Published: Feb 16 2018, 01:01:am



Saturday, December 13, 1975.
THE EMPRESS DOWAGER (Qīng Guó Qīng Chéng). Music by Frankie Chan. Written and directed by Li Han-hsiang. Running time: 165 minutes. Mature entertainment. In Mandarin Chinese with English subtitles.
ENGLAND HAS HER ELIZABETH R, Russia her Great Catherine and Sweden, the capricious Christina. At one time or another, all have satisfied movie audiences' taste for pageantry, palace intrigue, powerful play-acting and dramatic history lessons.
     The same satisfactions are now available to Chinese movie fans. The Empress Dowager, described as the most costly film project ever undertaken in the Far East, is a sumptuous, eye-filling spectacle that has a human, ultimately tragic story to tell.
    At its centre is Tz’u Hsi, the empress who ruled China for nearly as long as Victoria ruled Great Britain. Cast in the role is Hong Kong actress Lisa Lu, who gives the aging monarch the kind of depth and fullness that Glenda Jackson gave to Elizabeth.
    Both were woman who clung fiercely to power. But there the comparison ends. Elizabeth, a lusty, robust queen, presided over an ascendant empire.
    Tz’u Hsi was an elderly schemer for whom time was rapidly running out. A once-powerful empire was crumbling around her.
     The 19th century was an age of revolutions, and the whole world was changing. Her response to that change — or rather, her lack of it — would seal the fate of China for generations to come.
    Last month [November, 1975], Vancouver filmgoers had a chance to see Chang Cheh’s Boxer Rebellion. At the time, I suggested that the writer-director’s approach had much in common with Cecil B. DeMille.
    The Empress Dowager was written and directed by Li Han-hsiang, an artist who might more profitably be compared to David Lean. Like the director of Lawrence of Arabia, Li is interested in human power struggles. Though he stages an impressive,  sweeping spectacle, his emphasis is on the interplay of personalities.
    Tz’u Hsi, ceremonially called “Old Buddha” throughout, retains her power by a simple ploy. She never allows an adult to ascend the throne. Since the 1862 death of her husband, the Emperor Hsien Feng, she has served as regent for two child emperors.
    By 1894, Kuang Hsu (Ti Lung) is old enough to rule in his own right, and Old Buddha goes into retirement.
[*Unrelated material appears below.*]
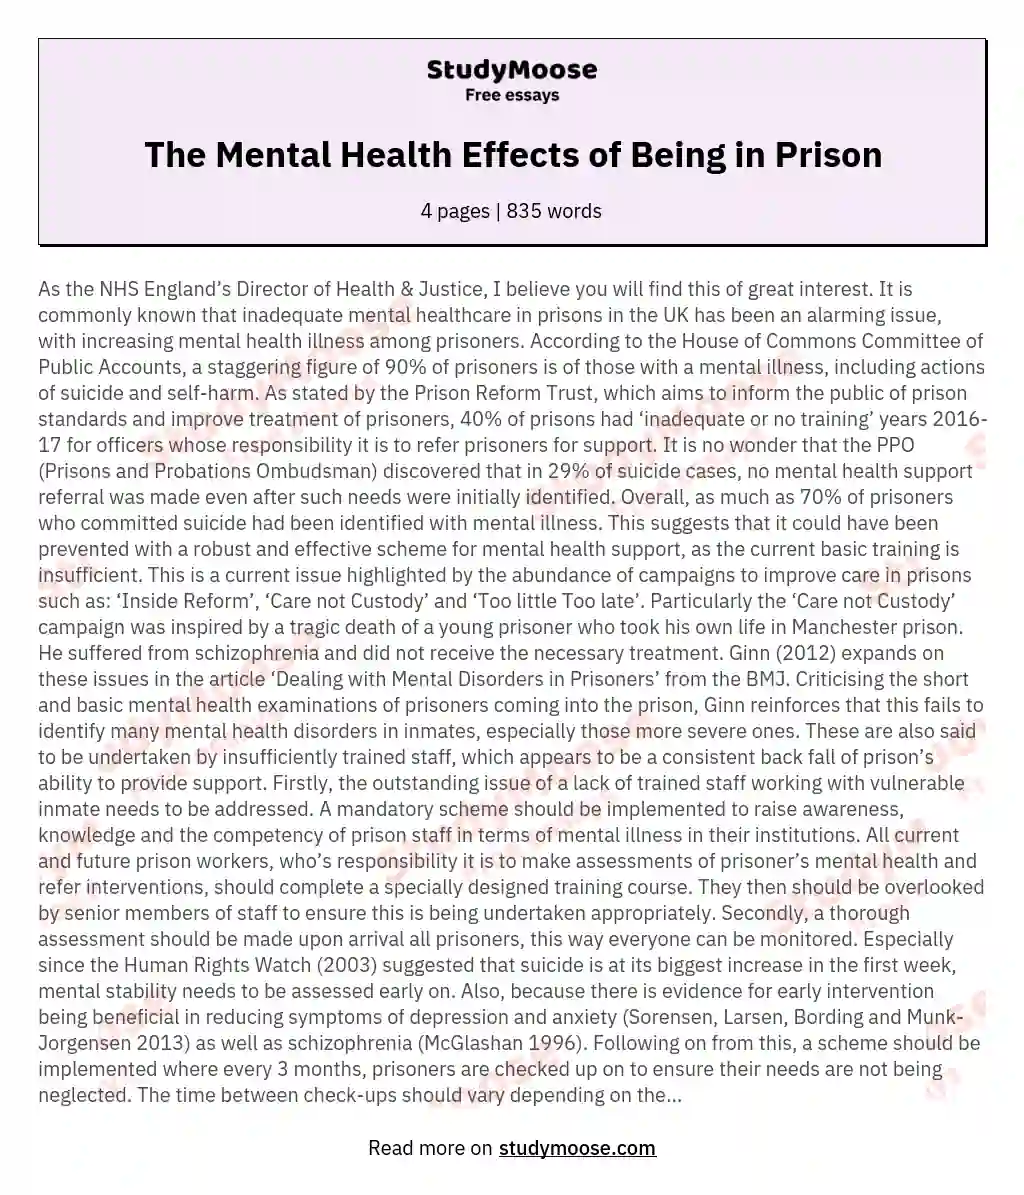 The Mental Health Effects of Being in Prison essay
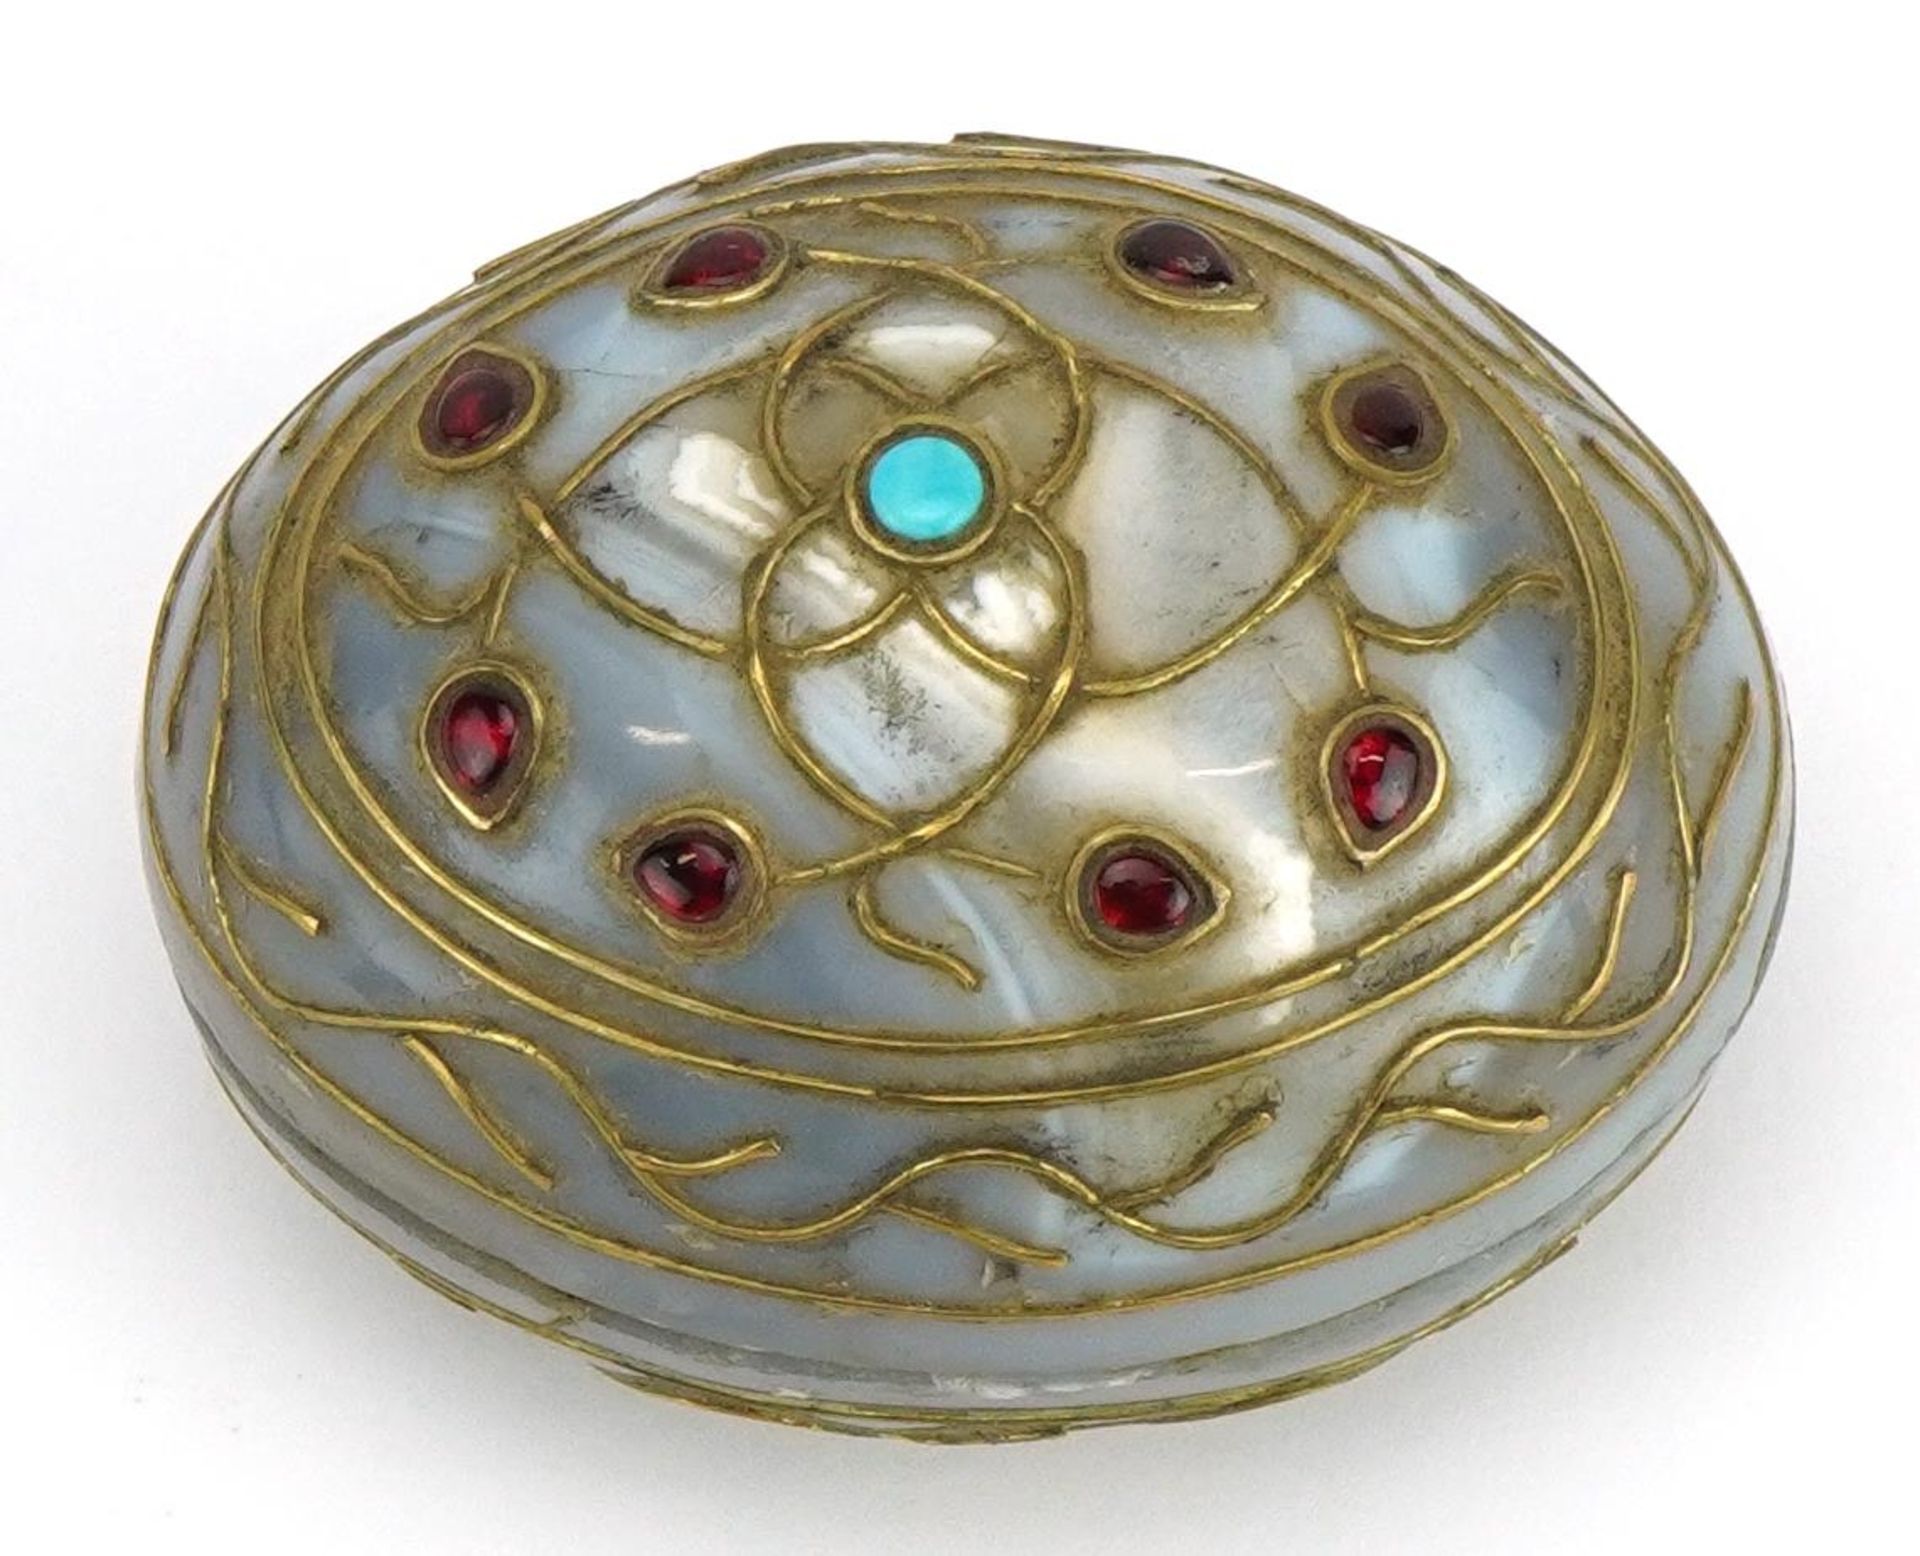 Islamic agate egg shaped box and cover inlaid with stone and metal inlay, 6cm in length - Image 2 of 4

Li’s film describes her struggle to retaln control over China and over a 20-year-old monarch eager to make both love and war.
    Historically Kuang is remembered as a reformer. He found powerful allies in the court, among them treasury minister Weng Tung-ho (Cheung Ying) and foreign minister Li Hung-chang (Ku Feng), as well as within the royal family, represented by the crafty but ailing Prince Kung (Ho Li-jen).
    Kuang’s problem is that no one understands him quite as well as his aunt. She knows that his rage to live is far more powerful than his desire to rule. For him, being a king is still a glorious game.
    What Kuang doesn’t know is that Tz’u Hsi plays for keeps. Despite her age, she has a masterful grasp of sexual politics. When the young Emperor displays indifference towards Chin Feng  (Ivy Ling Po), his equally young Empress, Tz’u Hsi offers him his choice of concubines,.
    Kuang is like a kid in a candy store. What he fails to realize — and what Old Buddha knows so well — is that every act of a king is politically significant. No choice is without its historic consequences.
    And Kuang fails to choose wisely,
    Director Li’s The Empress Dowager contains a number of surprises for Chinese movie fans. One, is a new, international standard of art direction. The overly familiar Shaw Studio backdrops, and their less-than-solid sets, have all been replaced by a Royal city worthy of a 1,000-year-old dynasty.
    Another surprise is the total absence of martial artistry. Li manages to resolve all of his characters’ conflicts without resorting to kung-fu.
    Drawing upon the full roster of Shaw contract players, Li has produced an all-star epic with an emphasis on acting rather than action. The Empress Dowager relies on a strong story rather than strong arms.


The above is a restored version of a Province review by Michael Walsh originally published in 1975. For additional information on this archived material, please visit my FAQ.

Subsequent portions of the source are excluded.